## Material provided
== Segment start ==

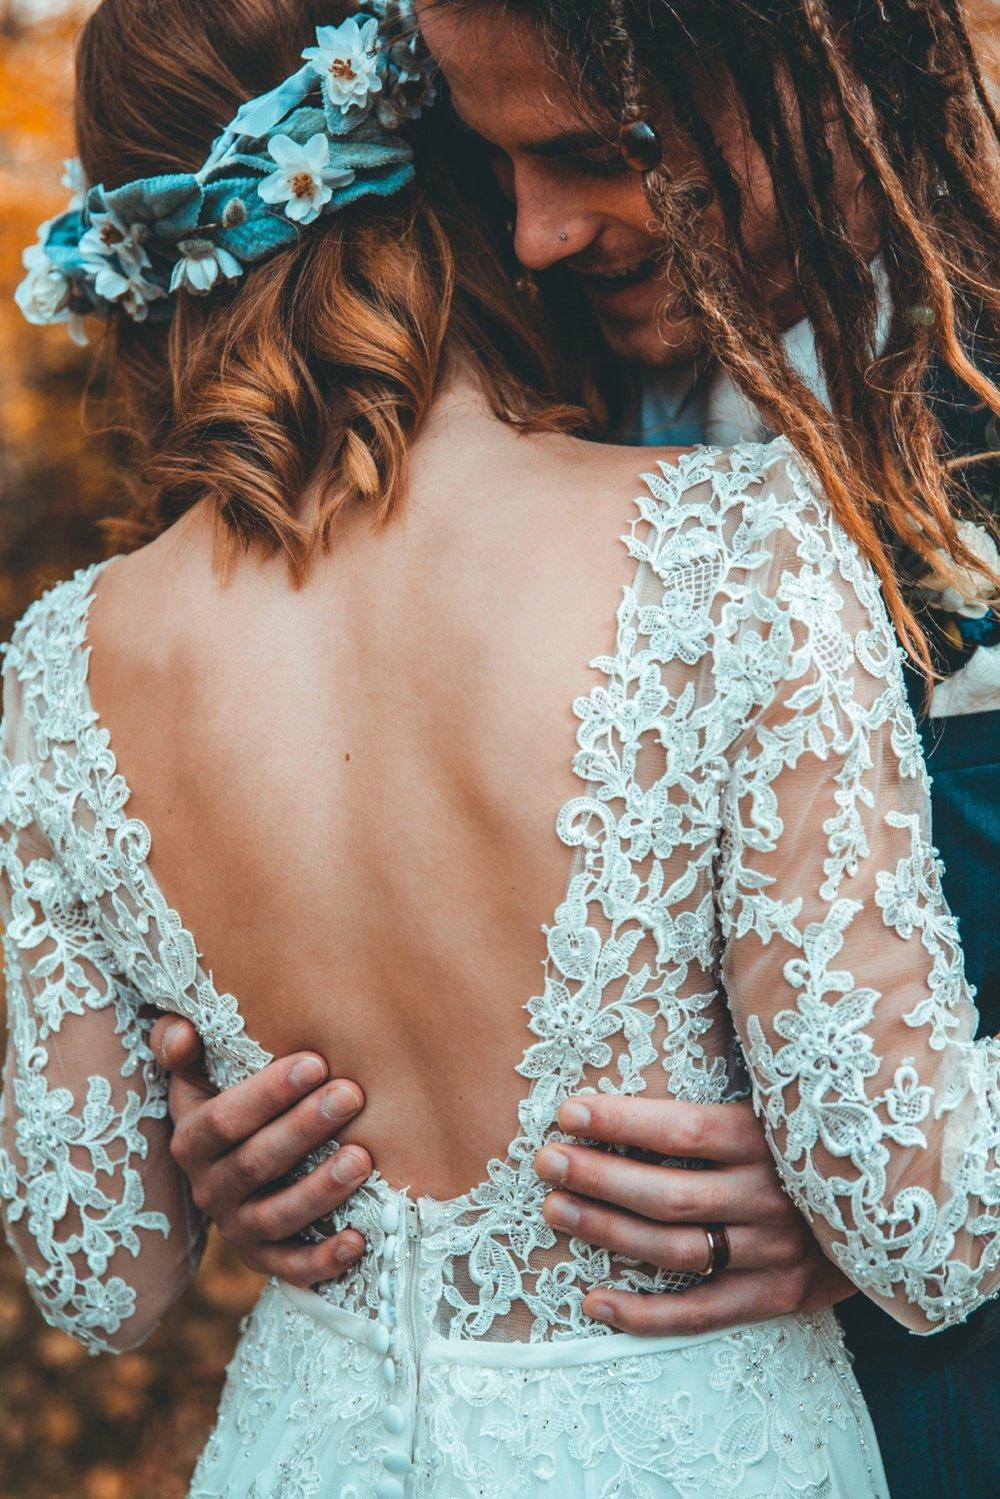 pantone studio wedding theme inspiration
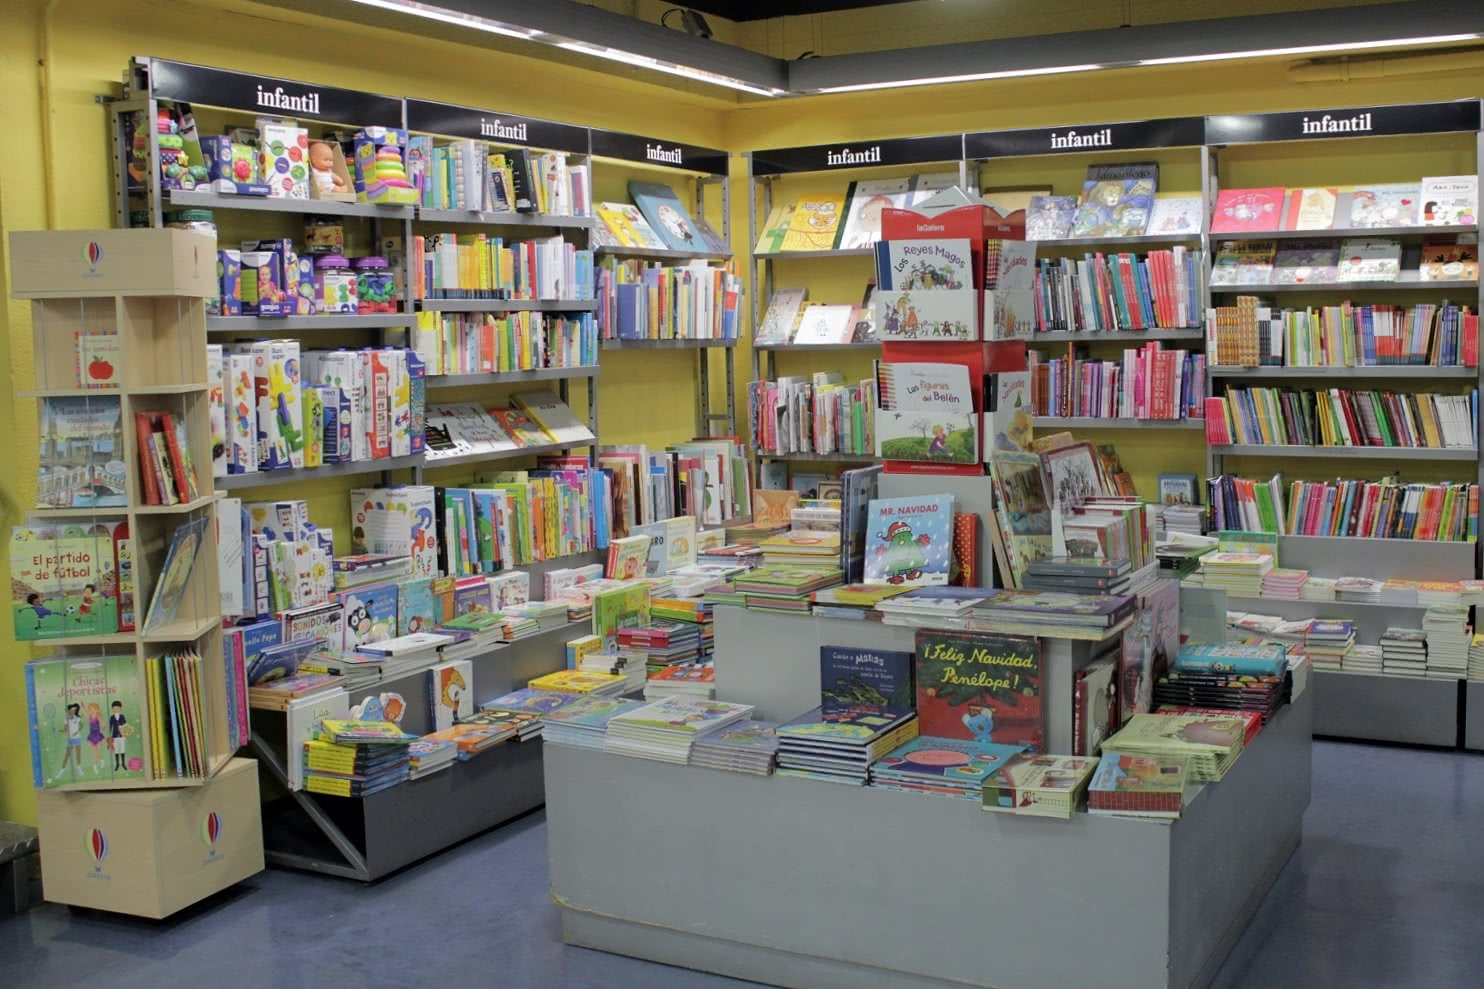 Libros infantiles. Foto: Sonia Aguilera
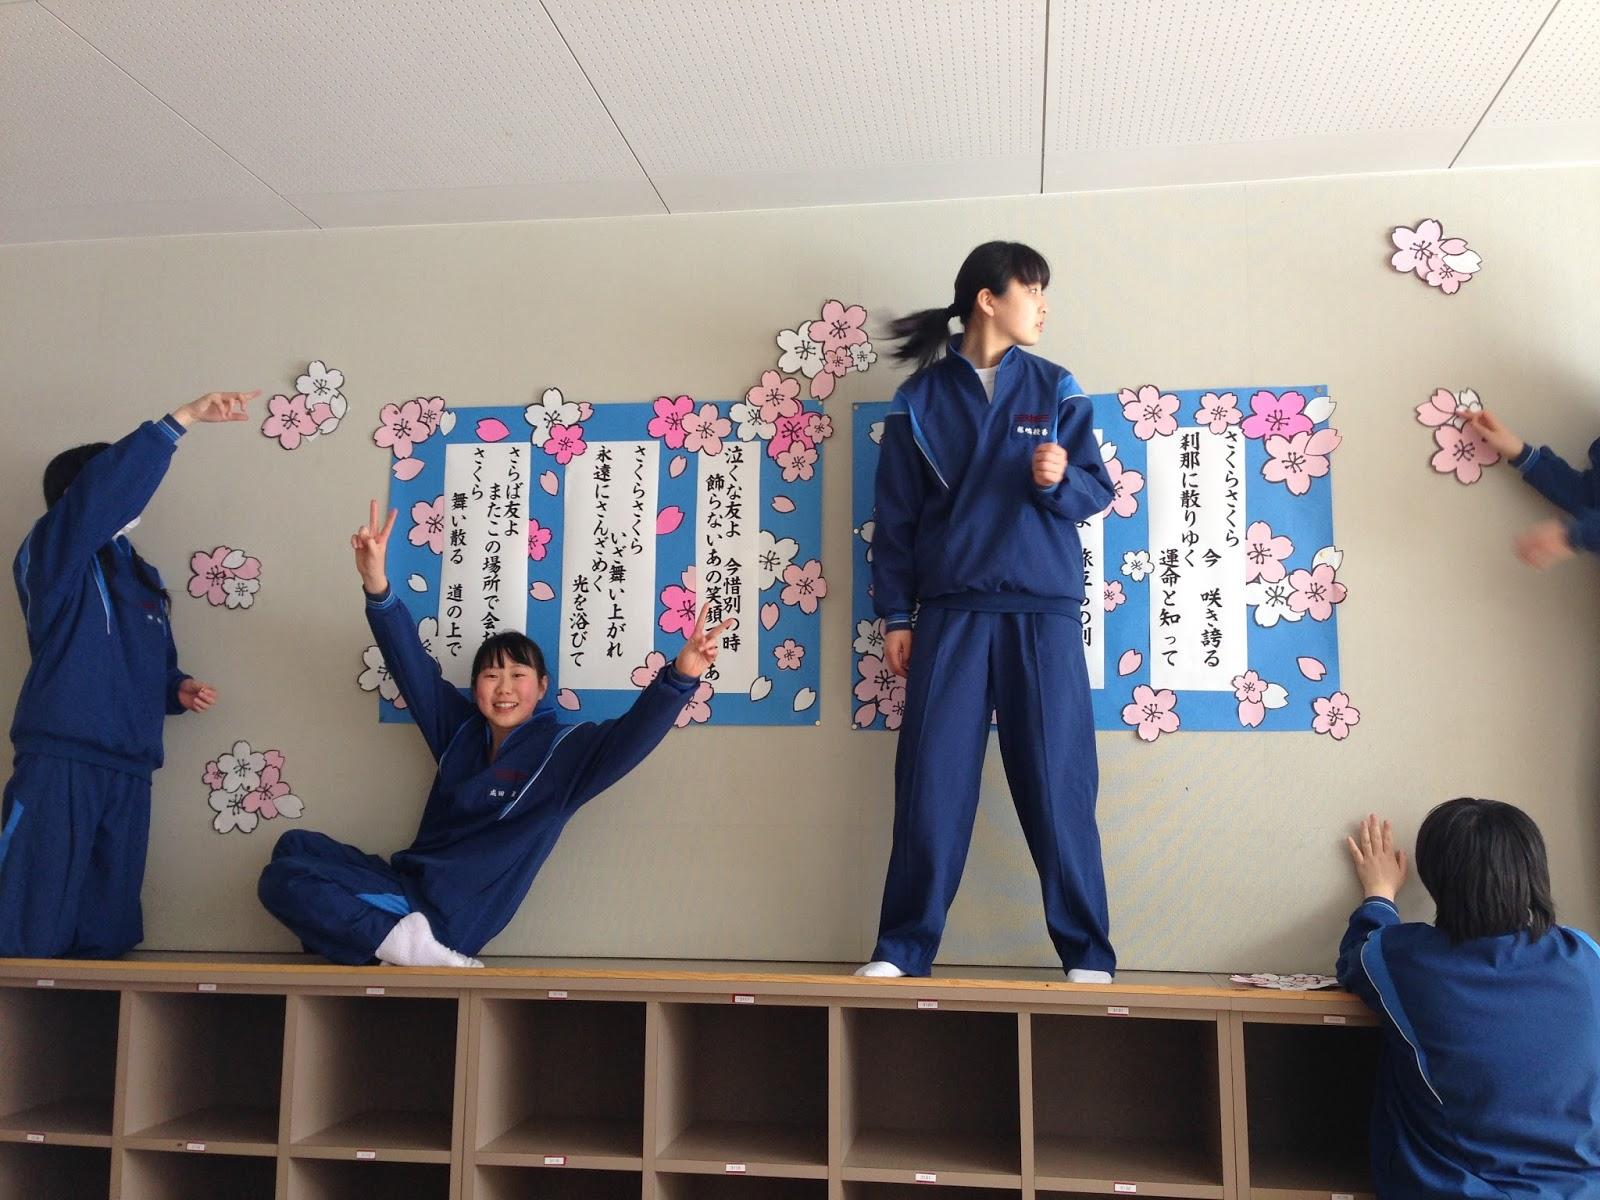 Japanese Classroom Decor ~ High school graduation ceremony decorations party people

== Segment end ==

Pictures stay out; everything else in the listing above is to be repeated exactly.

## Solution to this problem
 pantone studio wedding theme inspiration
 Libros infantiles. Foto: Sonia Aguilera
 Japanese Classroom Decor ~ High school graduation ceremony decorations party people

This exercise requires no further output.